2.5.2. Short wavelength infrared portable hyperspectral camera system (SWIR IMEC)
For SWIR imaging, a portable IMEC SWIR Hyperspectral Snapscan camera (IMEC, Leuven, Belgium) was used with other primary components, including the spectral image sensor (InGaAs-Sensor), optics (Optec16/1.7 SWIR lens), cooling system, piezo scanning, illumination (halogen lambs), and tripod mounts. Images of wheat kernels and their flours were acquired in the wavelength range of 1100 nm–1700 nm with 99 spectral bands. Data acquisition was implemented by IMEC HSI Snapscan software (Leuven, Belgium). The lights and the system were left on for 30 min before image acquisition to avoid equipment-related noise before measurements.
2.5.3. Fourier Transform near-infrared spectroscopy (FT-NIR MPA)
FT-NIR spectra of wheat and flour samples were measured using an FT-NIR spectroscopy (MPA, Bruker Optics, Ettlingen, Germany) with a 97 mm quartz cup. Diffuse reflectance spectra were recorded between 865 nm and 2540 nm (950 wavelengths) with a resolution of 16 cm−1 by accumulating 64 scans using an integrating sphere for both sample and background. System control and spectral acquisition were performed using the OPUS software (v. 6.5, Bruker Optics, Ettlingen, Germany).

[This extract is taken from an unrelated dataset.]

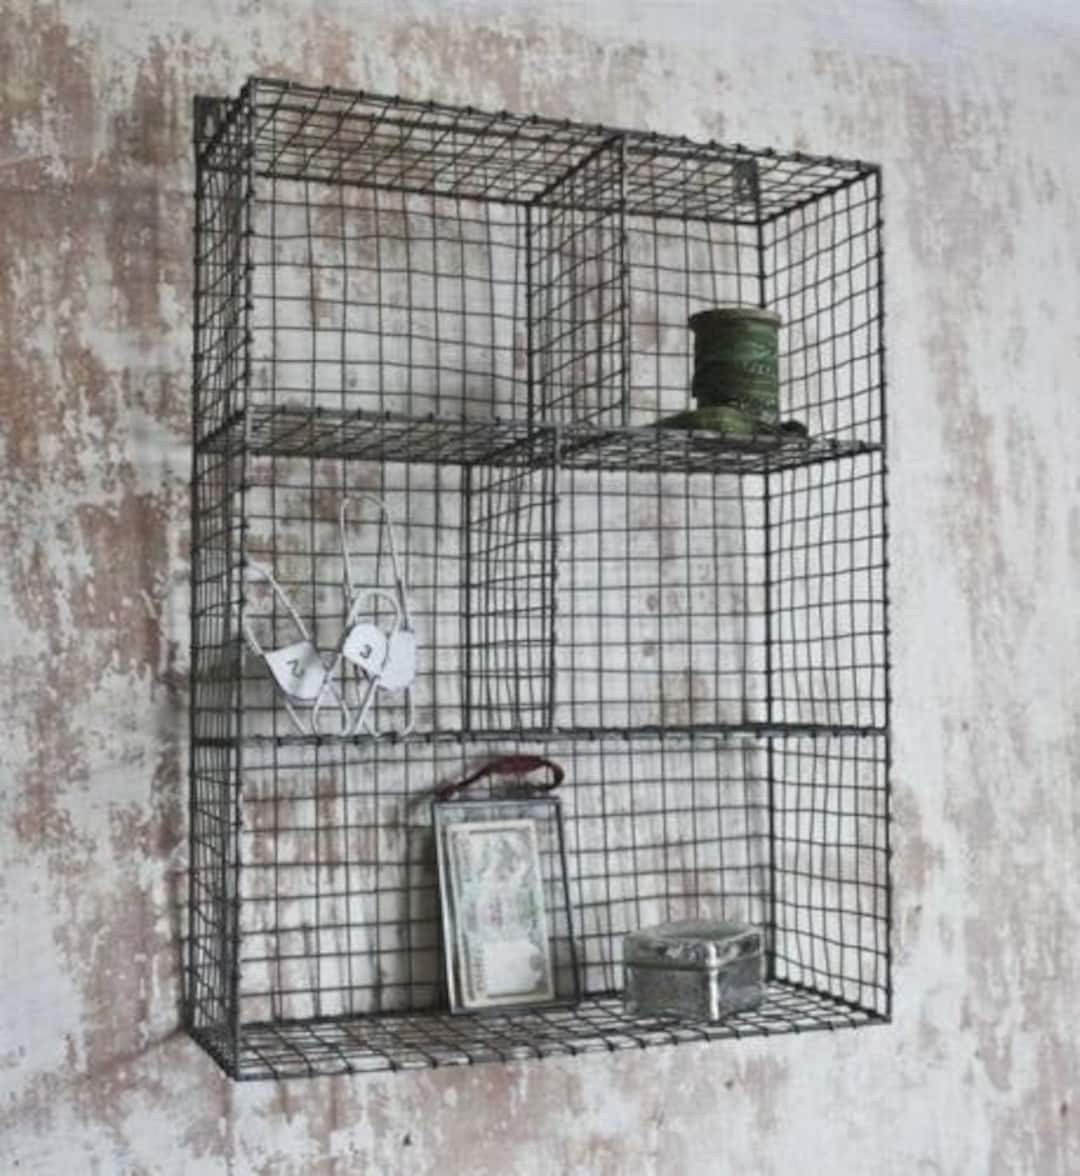 Black Chicken Wire Wall Hanging Organizer Shelf, 3-Tiers

2.5.4. Spectra extraction and spectral pre-treatments
The first step of extracting spectra from hyperspectral images is removing background information. For this purpose, spectral images were displayed at each wavelength to identify the wavelength with the highest contrast between the background and the foreground. This wavelength was 787 nm for Vis-NIR HSI and 1168 nm for SWIR IMEC, respectively, and the masks were produced by thresholding the images at these wavelengths and setting background pixels to zero. The mean spectra of kernels within a given image frame were created by averaging all non-zero data related to the foreground.
Vis-NIR and SWIR spectra often show considerable differences because of physical variations between samples, including particle sizes, shape, hardness, density and heterogenous distribution of particles that can lead to light scattering effects as well as noises related to the instrument and experimental environment. To overcome these unwanted variations, different spectral pre-treatments, such as standard normal variate (SNV), Savitzky-Golay first (SG-1) and the second derivatives (SG-2) were applied in this study to compare their effect on the model performances.
2.5.5. Multivariate analysis
Two different regression algorithms, partial least squares regression (PLSR) as a linear algorithm and Gaussian process regression (GPR) as a non-linear algorithm were implemented to create regression models between reference measurements and spectral data for comparing their prediction performances. PLSR is one of the most used algorithms for regression models since it is simple to implement, fast to run and has great capability to explain linear relations by transferring data into latent variables. However, the latent variable selection part is crucial, not only to eliminate model underfitting but also to overcome model overfitting. In this study, the method proposed by Gowen et al. (2011) related to the evaluation of jaggedness was used to select the optimum latent variable. The strategy behind GPR is different from PLSR because it ignores the variable space-based prediction and focuses on space-based prediction with the help of dissimilarity and affinity between samples. In other words, GPR does not try to find the best-fitting function when creating regression but tries to find a probability distribution of possible functions (Cui and Fearn, 2017).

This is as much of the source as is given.